Capítulo 029: Pescar Não É Tão Simples
No pequeno bosque atrás do Museu de Ciências, a jovem bela Sofia Guoping vasculhava por todos os cantos, procurando algo. No fim, não encontrou nada e, irritada, murmurou: “Cretino, que falta de educação! Nem sequer se despediu e sumiu.”
“Detesto isso, espero não te ver nunca mais!”
Entretanto, logo se deu conta de que não sabia o nome dele, tampouco vira seu rosto. Mesmo que o encontrasse de novo, não saberia quem era. Ainda assim, isso não diminuiu sua raiva: nunca tinha conhecido um rapaz assim, que sequer queria vê-la uma vez.
Francamente, era sempre ela quem ignorava os outros, e não o contrário!
Resmungando de pura irritação, a jovem sentia-se ultrajada.
Porém, Tiago Liu não se importava com o quanto ela estivesse furiosa. Astuto, tratou de fugir rapidamente, pois se a garota descobrisse que era ele, certamente pensaria em como eliminá-lo e ocultar tudo.
Faltavam pouco mais de duas horas para a aula noturna. Aproveitando o raro tempo livre, ele voltou à quitinete que alugava na base de horticultura.
No intervalo do almoço, quando fora visitar Dona Fátima, aproveitou para comprar uma vara de pescar. Já a barraca teve que procurar em várias feiras até encontrar uma estrutura montada. Naquela época, ainda não era comum fazer trilhas de aventura, especialmente numa cidadezinha como Qingzhou. Só conseguia adquirir alguns materiais para, quando houvesse tempo, confeccionar sua própria barraca dobrável.

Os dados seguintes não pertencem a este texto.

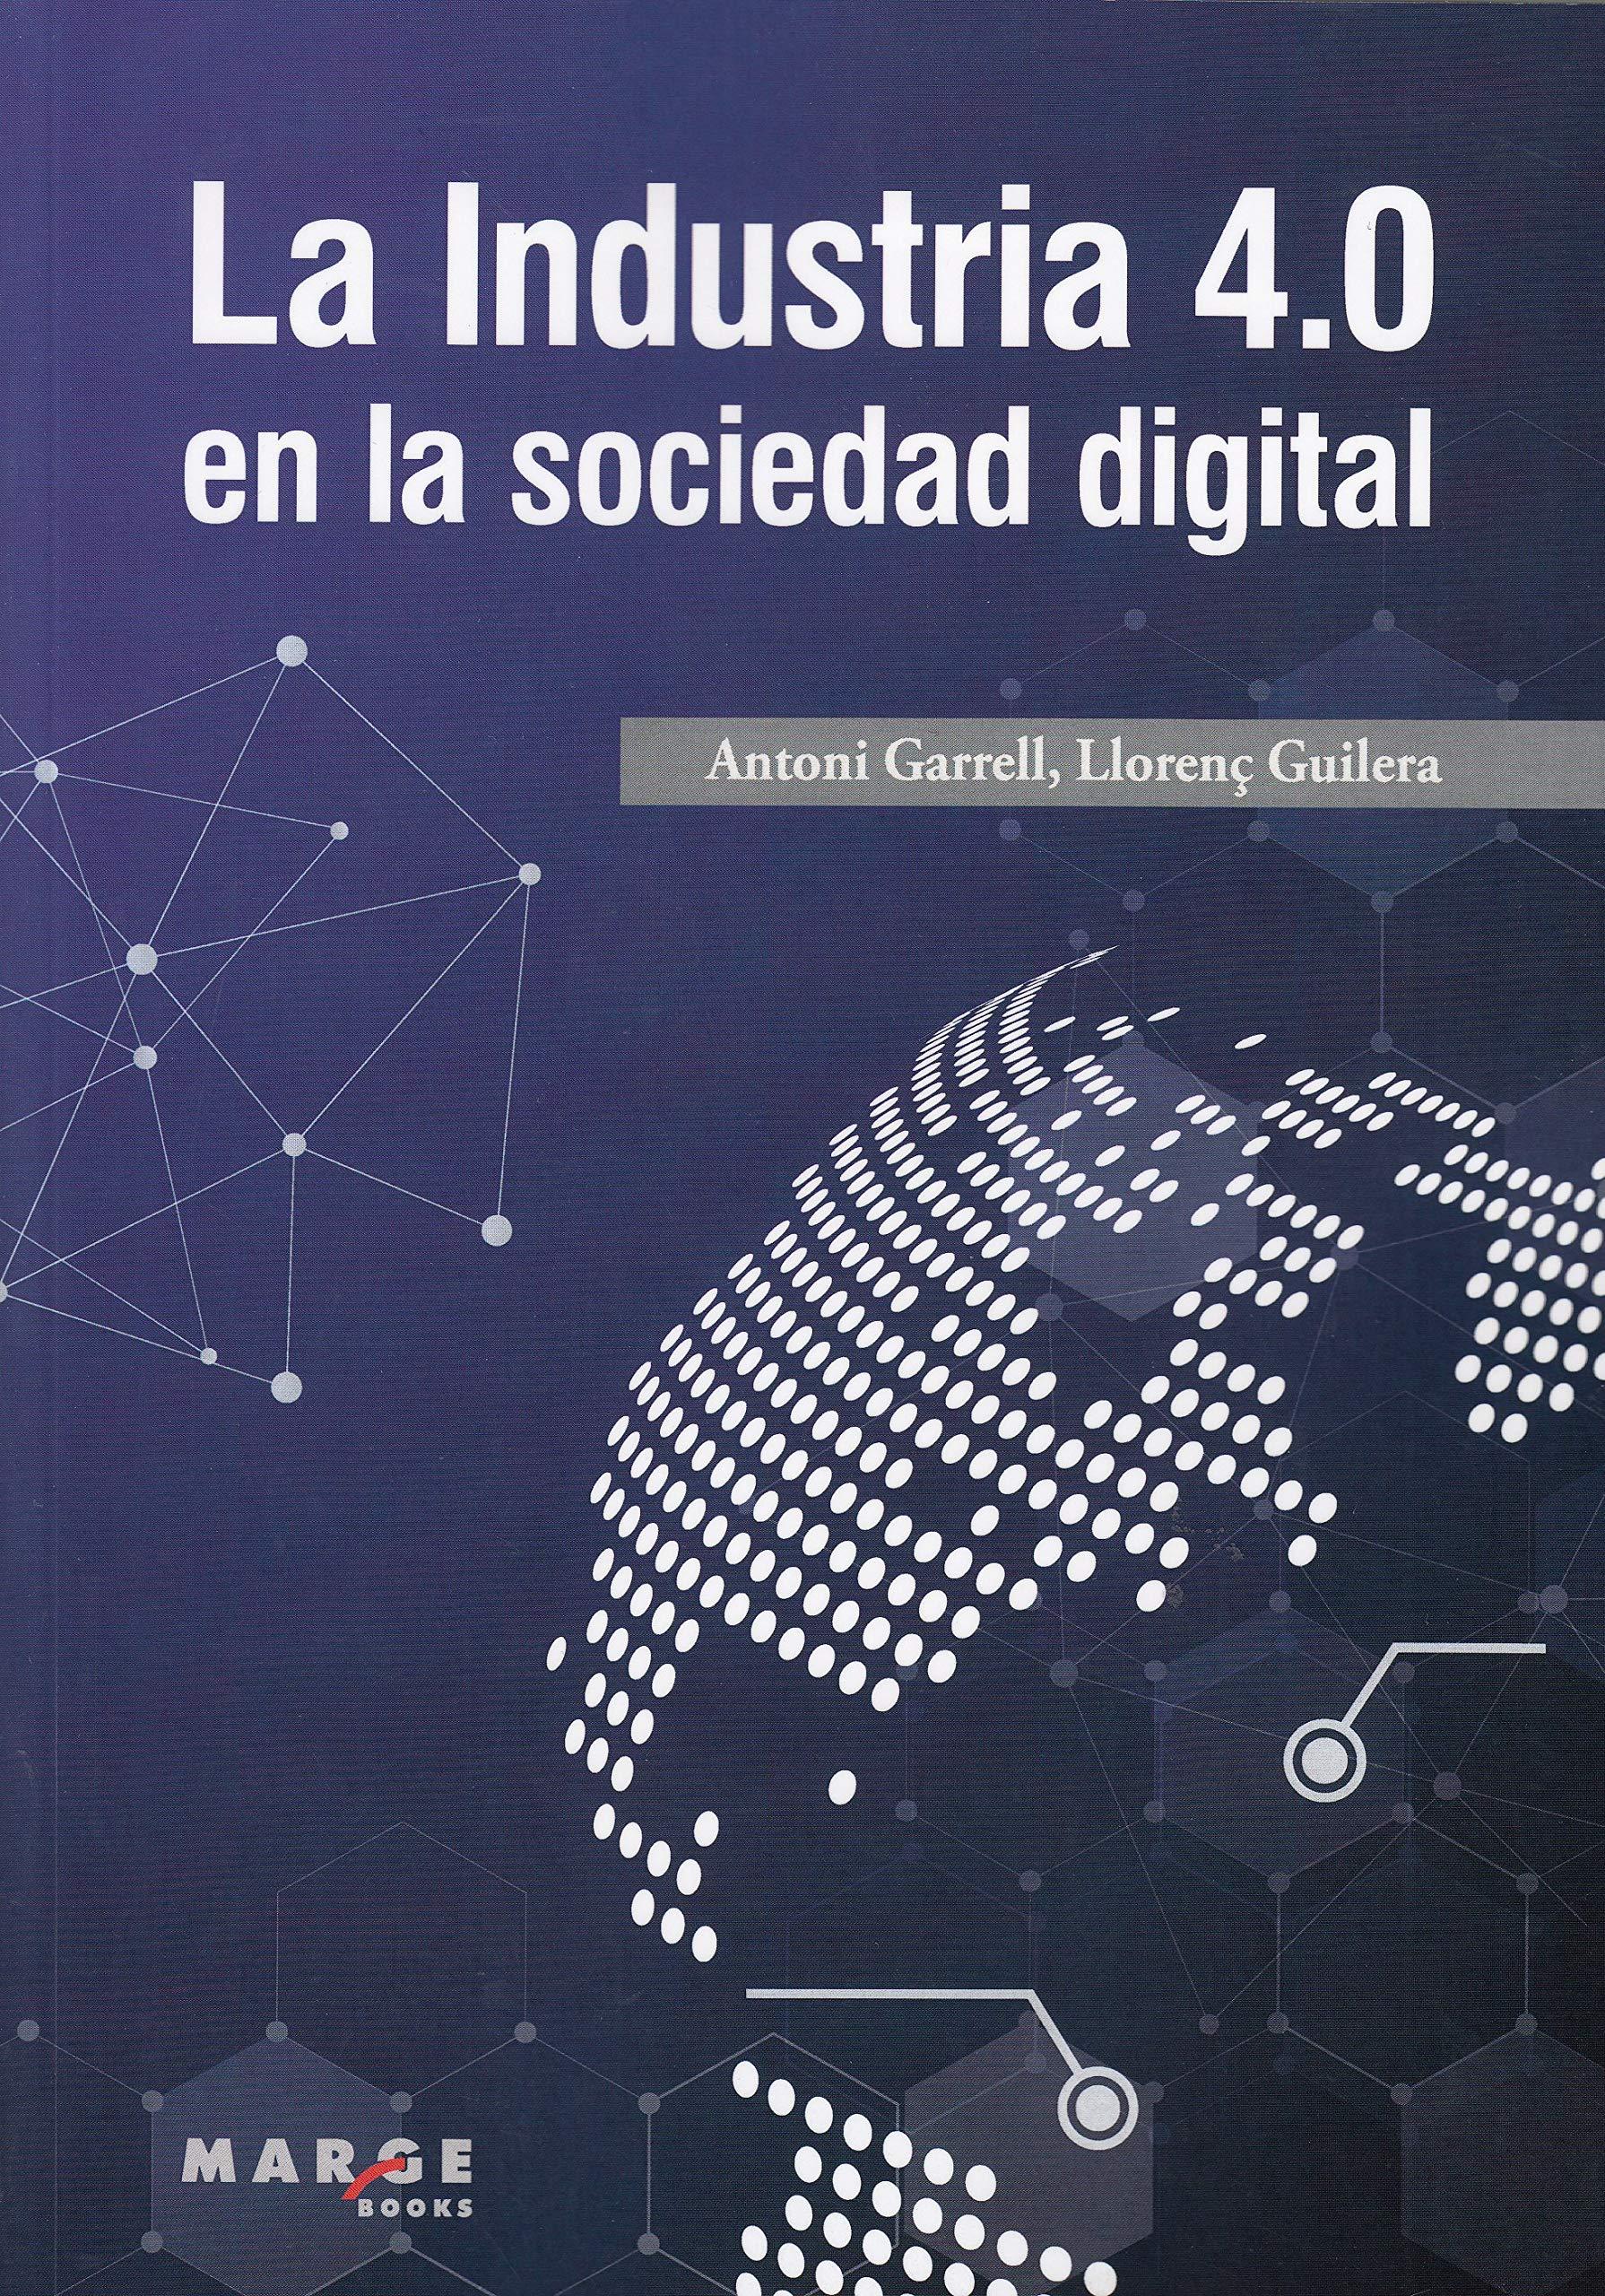 La Industria 4.0 en la sociedad digital (Gestiona)

Pescava tranquilamente à beira do lago, sob um sol suave e agradável, com uma brisa leve que dava sono e um conforto sereno. Tiago realmente gostava daquele lugar: por toda parte, vegetação exuberante rodeava um lago, conectado a um canal que levava até um rio a cem metros dali. Aquele lago tinha água corrente, e, naturalmente, peixes em abundância.
Era primavera, a temperatura estava agradável e o lago transbordava de plantas aquáticas. Escolheu um ponto sem mato para lançar o anzol.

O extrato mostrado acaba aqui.